All experience is preceded by mind, led by mind, made by mind. Speak or act with a peaceful mind, and happiness follows like a never-departing shadow.

What we think, what we hold in our minds, what we hold in our hearts, that's what we create. Those are the conditions for the next moment. If I'm saying to myself, "Oh, I don't want this. I don't want this," I'm creating the energy for the next moment of "I don't want this. I don't want this." And that's the energy that I'm creating and carrying forward. If I'm someone who takes shortcuts, if I'm someone who speaks ill of others, if I'm cultivating the ill will in my heart, that's the energy that I'm carrying forward. That's the condition I'm creating for the next moment.

Those are the choices we make. Our ability to see clearly what's happening allows us to step back and say, "Wait, my intention is to be kind. My intention is to be clear." How do I want to be in this world? How do I want to live in this world? How do I want to manifest my desire to be compassionate with myself and others?
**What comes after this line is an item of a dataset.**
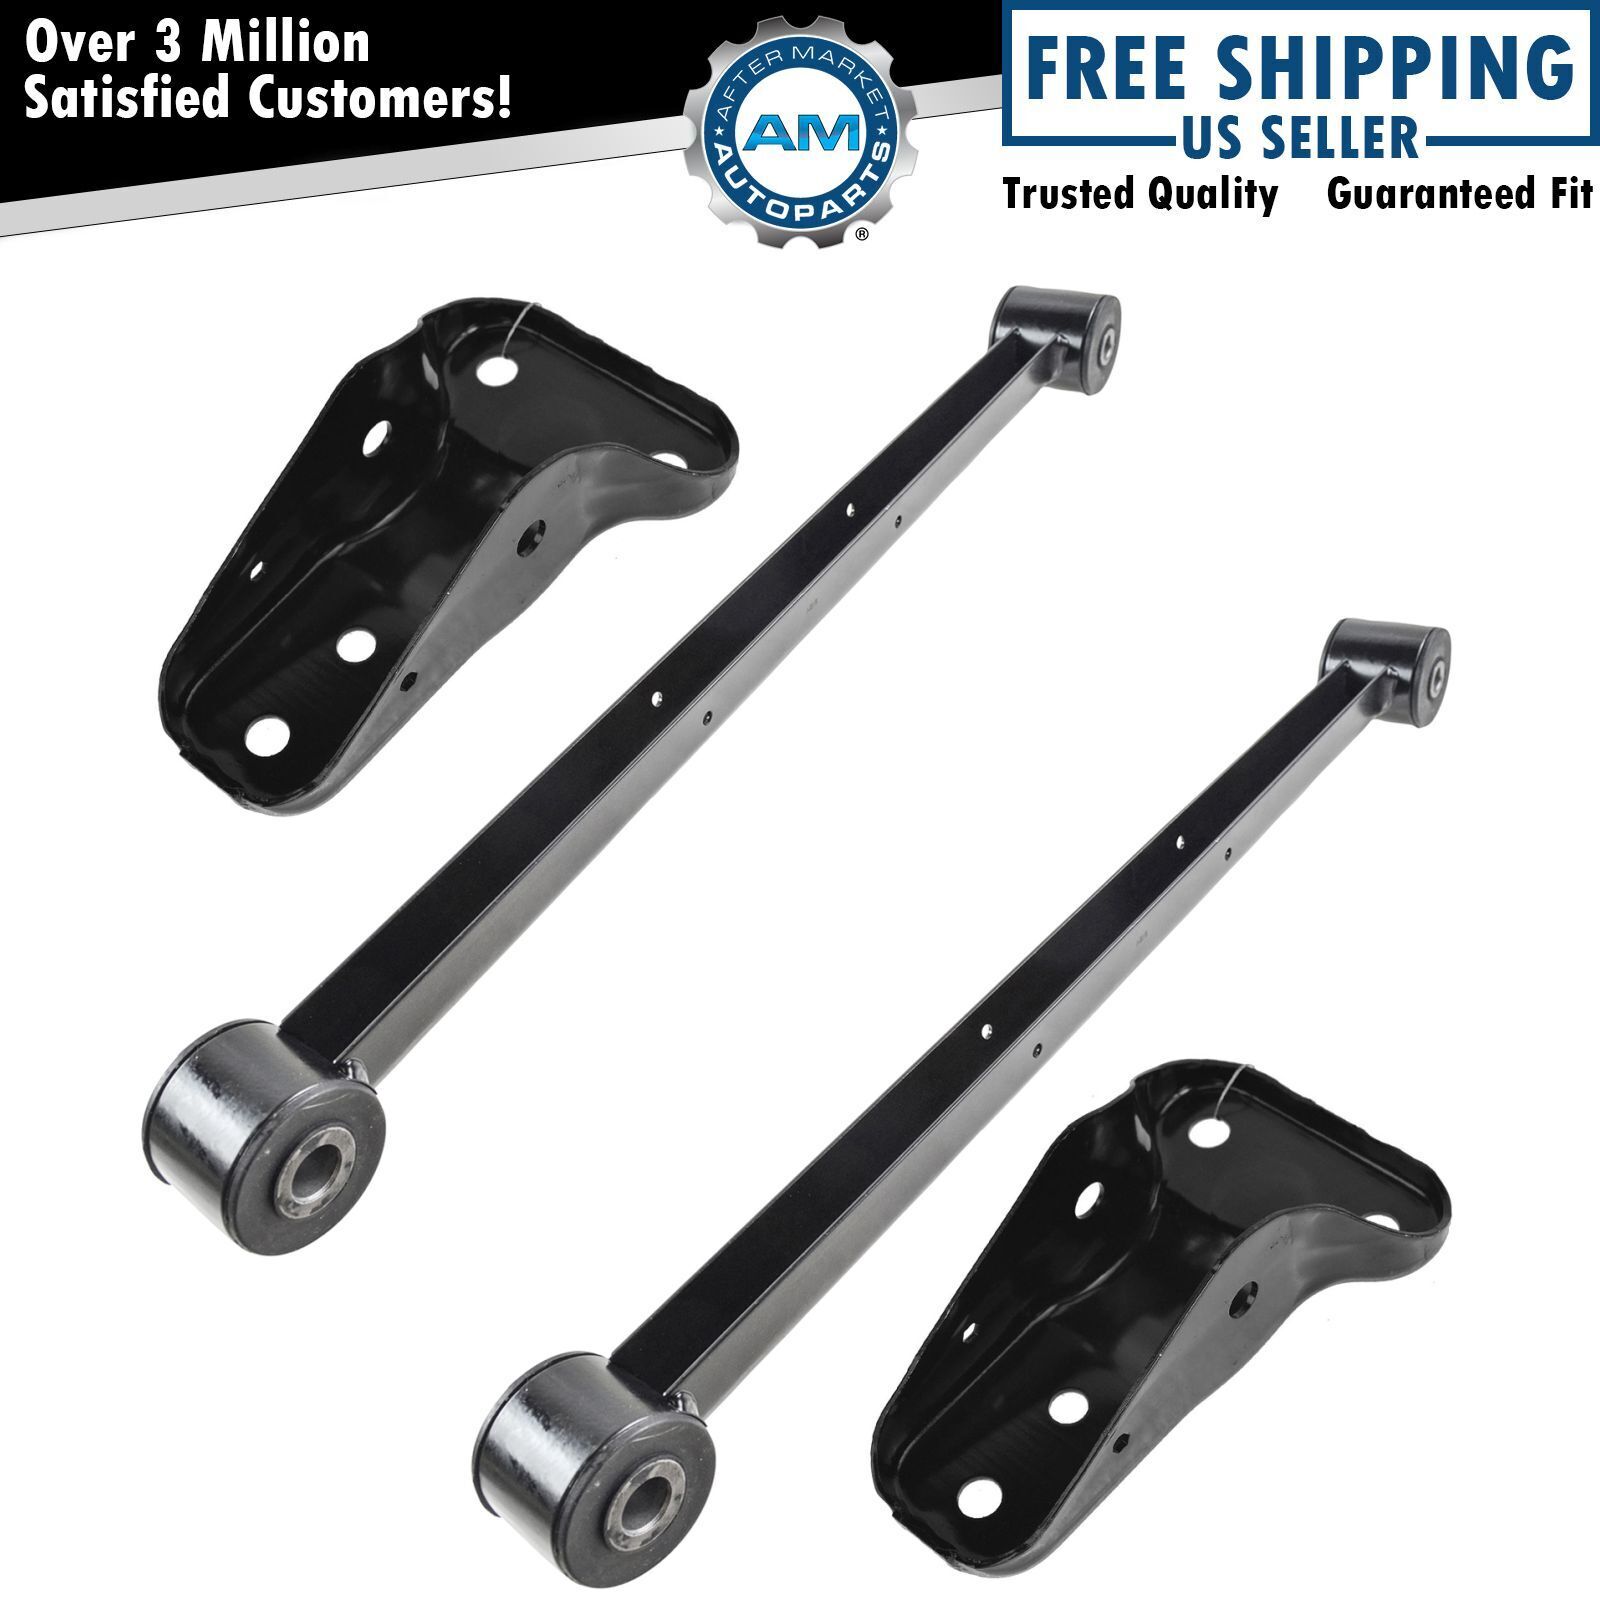 Trailing Arm & Bracket Rear Lower Set of 4 for Buick Chevy Oldsmobile Pontiac
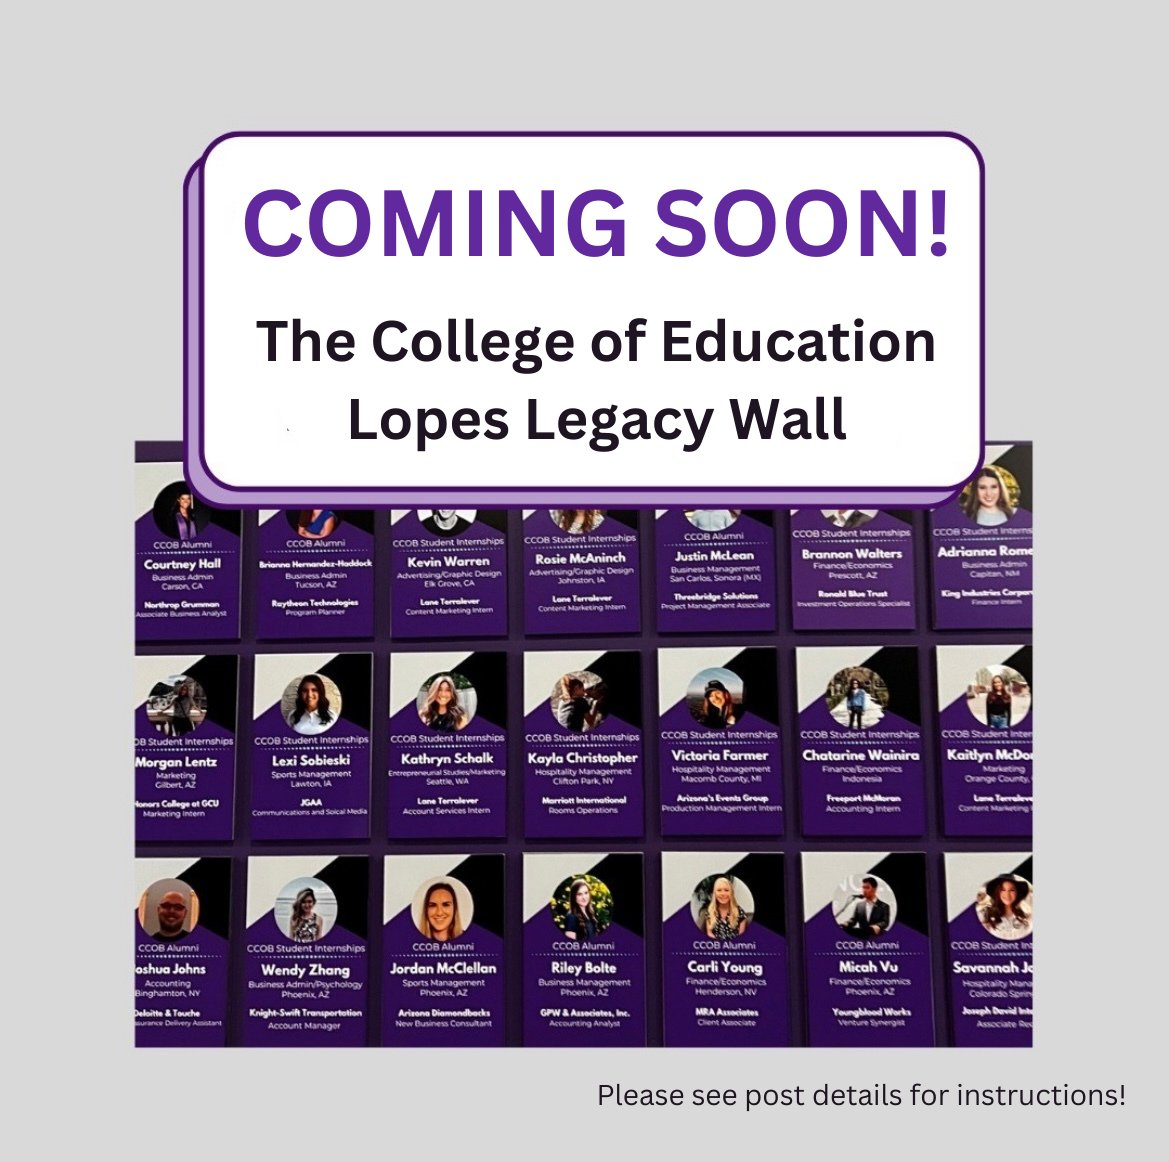 Attention Alumni! Please share your story if you want to be considered for our new Lopes Legacy Wall! Link: ow.ly/Iy2f50PfHwr #lopesteachup

Those are the choices. Those are the choices we make. The world of the principles is a world of seeing clearly and making skillful choices. It is the path of both wisdom and compassion.

I wish you great wisdom and the joys of great compassion. Thank you for sharing this time with me. I'll be back in a couple of weeks. I'm going to do this again week after next. So, I'll see you again then. Good morning. Bye bye.


Footnotes

  1. Dhammapada: A collection of sayings of the Buddha in verse form and one of the most widely read and best-known Buddhist scriptures.

  2. Aṭṭhakavagga: "The Book of Eights," a section of the Sutta Nipata, considered to be one of the oldest parts of the Pali Canon.

  3. Kama Sutta: "Discourse on Desire," a text within the Aṭṭhakavagga that discusses the nature of sensual desire and the wisdom of letting it go. Not to be confused with the later Hindu text of a similar name.